Recorded information —
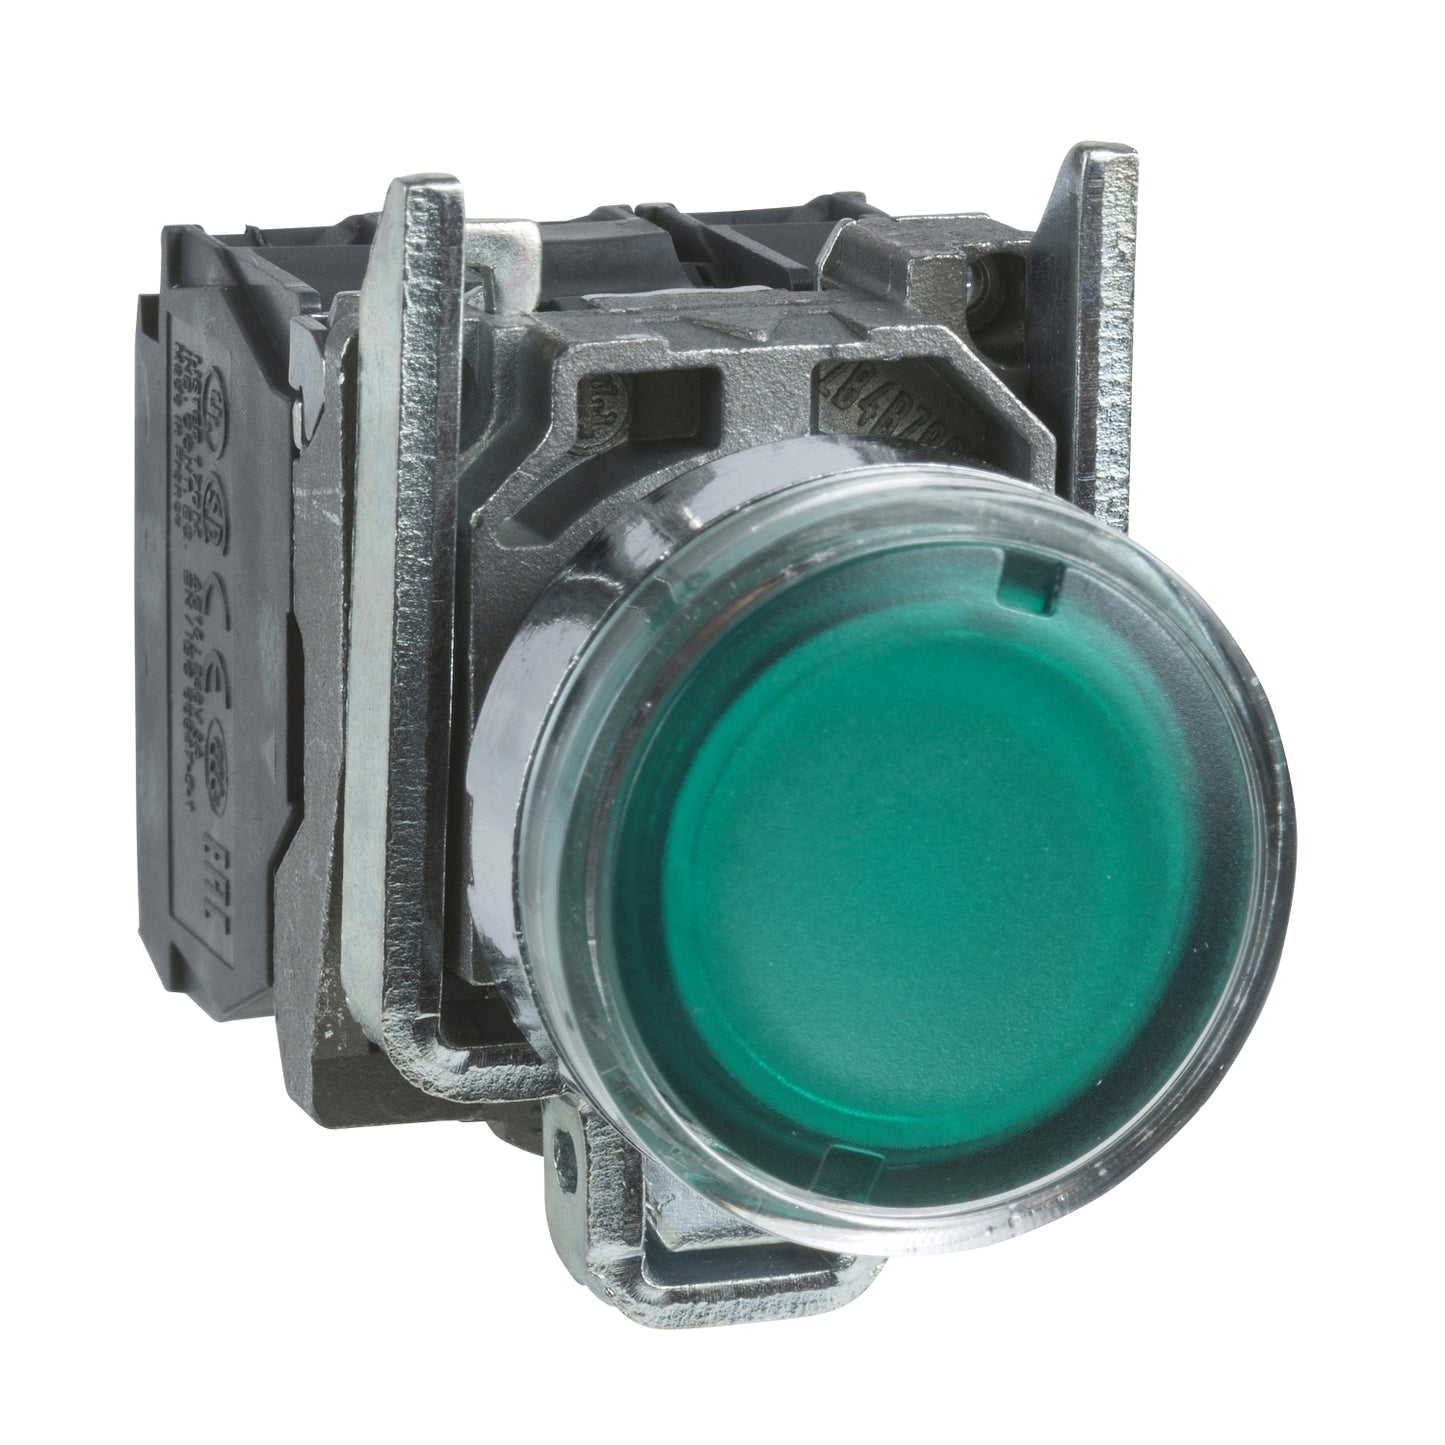 Pulsador Completo Luminoso LED de Marca Schneider Electric de Serie Harmony XB4 (XB4BW33G5) con ø22m de Montaje, Cuerpo Metálico, Tipo de Operatorio Retorno de Resorte, Rasante, Alimentación 120V, Color Verde, Contactos 1NA+1NC.
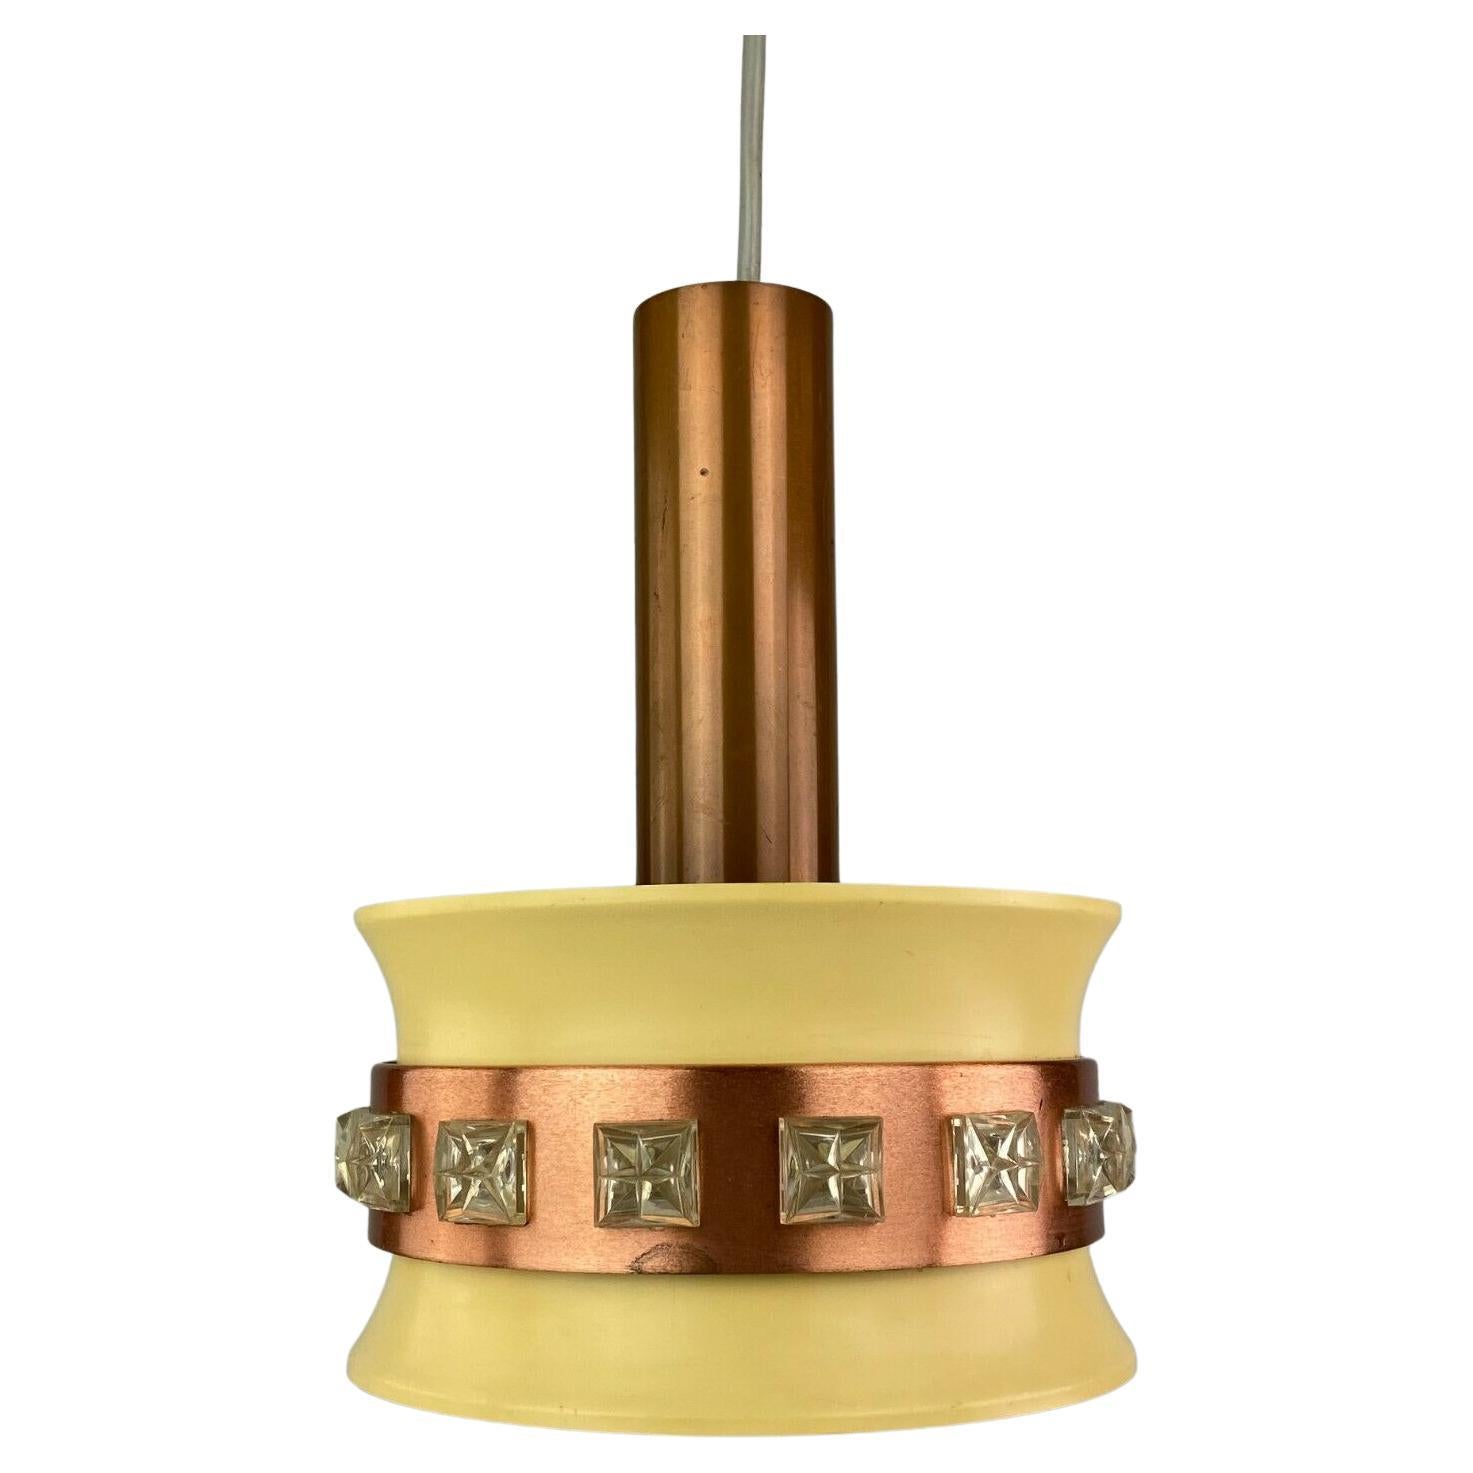 Lampe suspendue des années 70 Lampe de plafond en métal Design Space Age VEB 60s
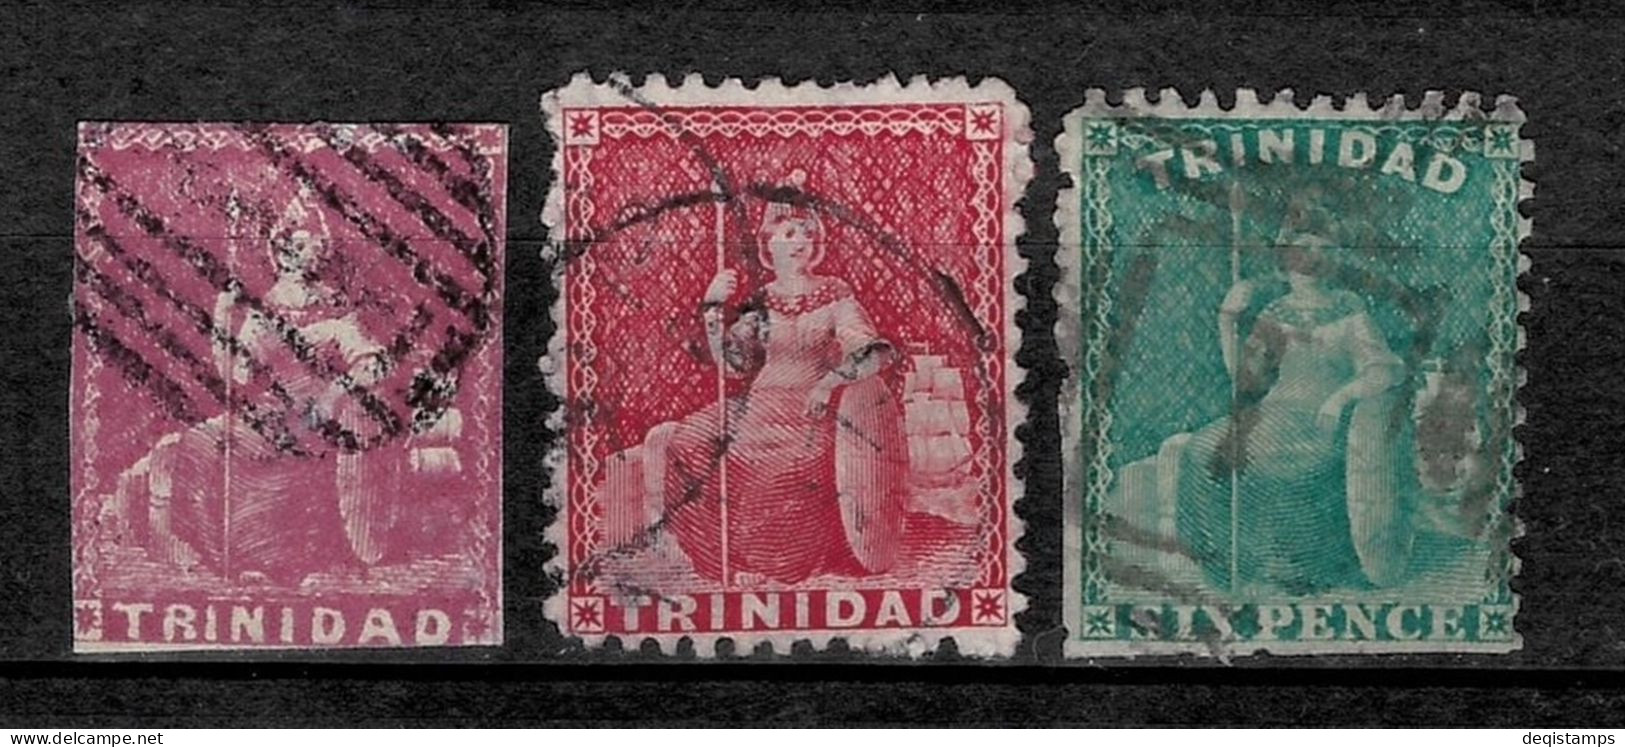 Trinidad And Tobago Stamps 1859-60 Year  Used - Trinidad & Tobago (...-1961)

About this exercise — I need the lines from the line holding "Lampe suspendue des" through the end of the material, inclusive, restated word for word and without pictures.

Exercise output —
 Lampe suspendue des années 70 Lampe de plafond en métal Design Space Age VEB 60s
 Trinidad And Tobago Stamps 1859-60 Year  Used - Trinidad & Tobago (...-1961)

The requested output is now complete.